Excerpted data:
= Beginning of Section =
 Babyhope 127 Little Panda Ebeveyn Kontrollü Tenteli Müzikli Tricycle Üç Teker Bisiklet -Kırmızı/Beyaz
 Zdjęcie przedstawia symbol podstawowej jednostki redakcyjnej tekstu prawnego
= End of Section =
= Beginning of Section =
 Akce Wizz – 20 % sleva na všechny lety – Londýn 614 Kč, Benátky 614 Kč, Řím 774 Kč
= End of Section =
Work to complete: Return the span of lines in the data above that opens at the line with "Babyhope 127 Little" and closes at the line with "Zdjęcie przedstawia symbol", exactly, ends included, nothing else.

Solution to the problem:
 Babyhope 127 Little Panda Ebeveyn Kontrollü Tenteli Müzikli Tricycle Üç Teker Bisiklet -Kırmızı/Beyaz
 Zdjęcie przedstawia symbol podstawowej jednostki redakcyjnej tekstu prawnego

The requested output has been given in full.